Question

A piece of equipment costs$Rs6,00,000$ in a certain factory. If it depreciates in value$15\%$ the first year, $13.5\%$ the next year, $12\%$the third year, and so on. What will be its value at the end of$10$ years, all percentages applying to the original costs $?$

Answer 1

Finding the equipment cost:

The cost of equipment $=Rs6,00,000$

Step 1 - Finding the type of series

The value depreciates as

$15\%,13.5\%,12\%,--------$

Percentage of depreciation in the first year $=15\%$

Percentage of depreciation in the second year $=13.5\%$

Percentage difference $=$ $15\%-13.5\%$

$=-1.5\%$

Percentage of depreciation in the third year $=12\%-13.5\%$

$=-1.5\%$

Since, the percentage of depreciation is constant $=-1.5\%$

Therefore, the series is in arithmetic progression.

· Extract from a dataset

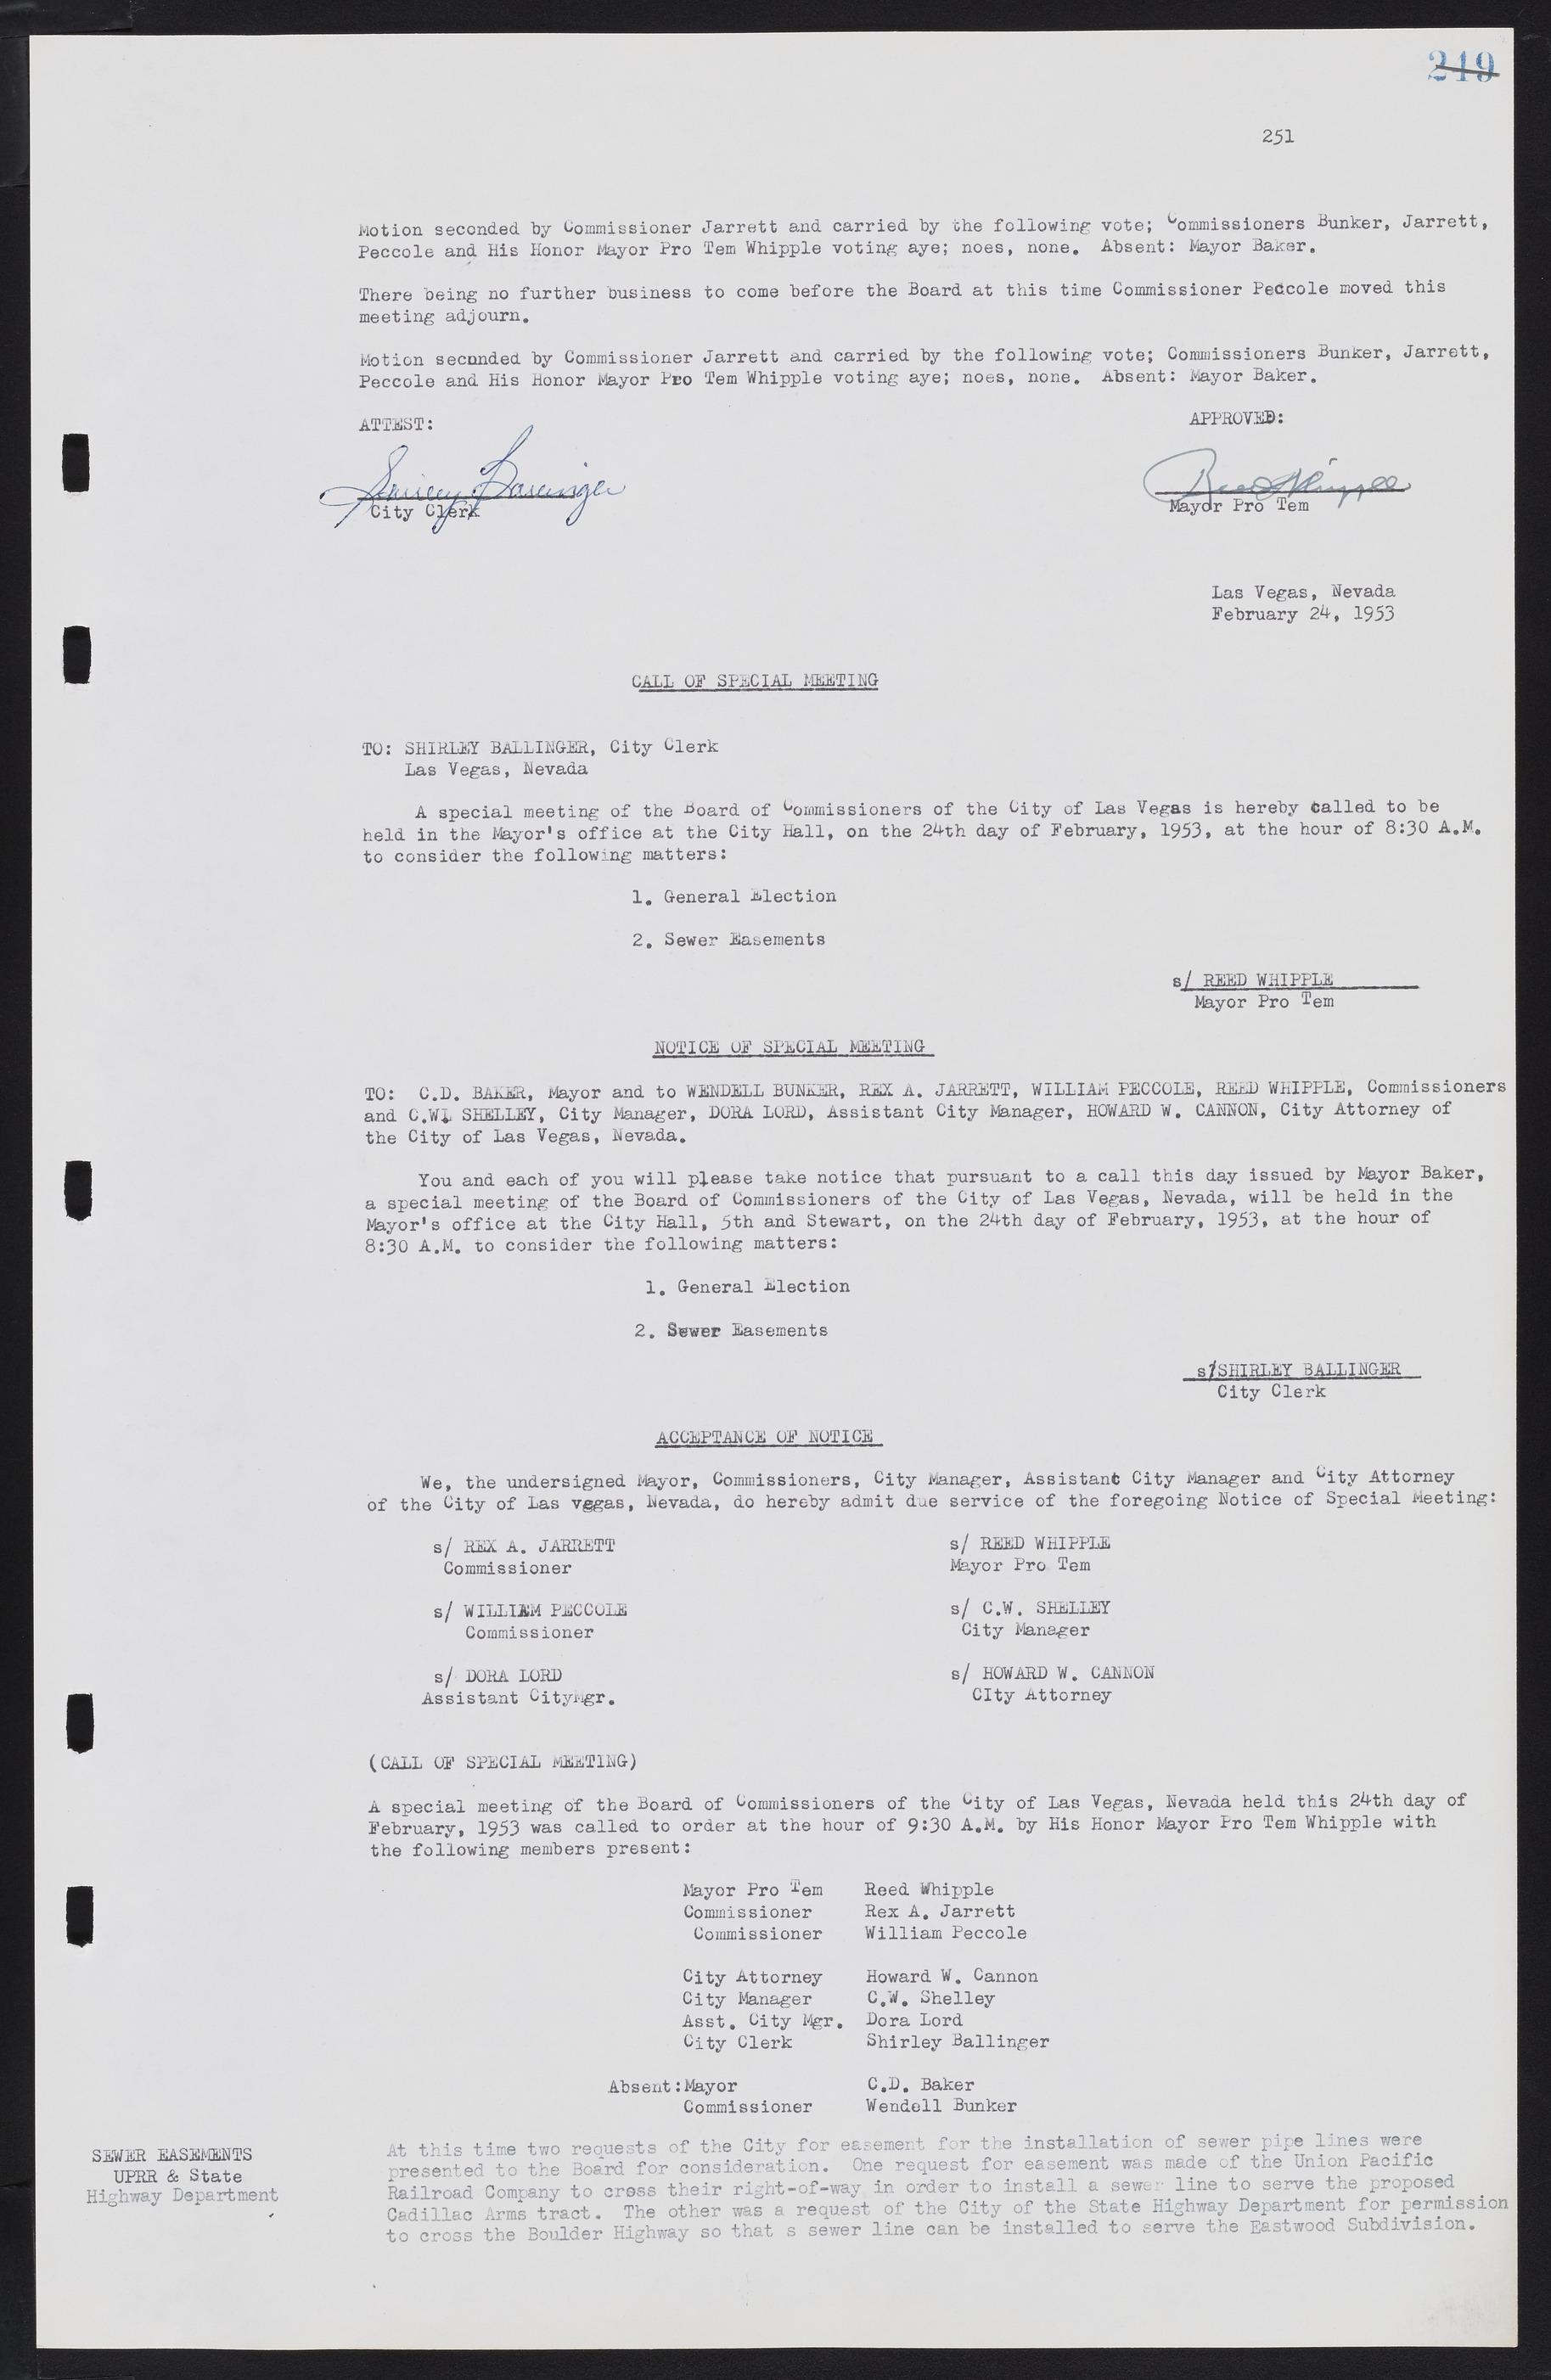 Las Vegas City Commission Minutes, May 26, 1952 to February 17, 1954, lvc000008-267

Step 2- Value of equipment after $10$years

Since the rate of depreciation is in arithmetic progression

So, the first term $\left(a\right)=15\%$

Common difference $\left(d\right)=-1.5\%$

Number of terms $\left(n\right)=10$

Total percentage depreciation in $10$ years

$s=\frac{n}{2}\left[2a+\left(n-1\right)\times d\right]$

$s=\frac{10}{2}\left[2\times 15+\left(10-1\right)\times \left(-1.5\right)\right]$

$s=5\left[30+9\times \left(-1.5\right)\right]$

$s=5\left[30-13.5\right]$

$s=5\times 16.5$

$s=82.5$

Therefore, percentage depreciation in $10$ years $=82.5\%$

Value of depreciation $=$$\left(\frac{100-\mathrm{depreciation}\%}{100}\right)\times$ cost of equipment

$$\begin{gathered} =\left(\frac{100-82.5}{100}\right)\times 6,00,000 \\ =\frac{17.5}{100}\times 6,00,000 \\ =17.5\times 6000 \\ =Rs105000 \end{gathered}$$

Hence, the value of the equipment after $10$ years is $Rs105000$.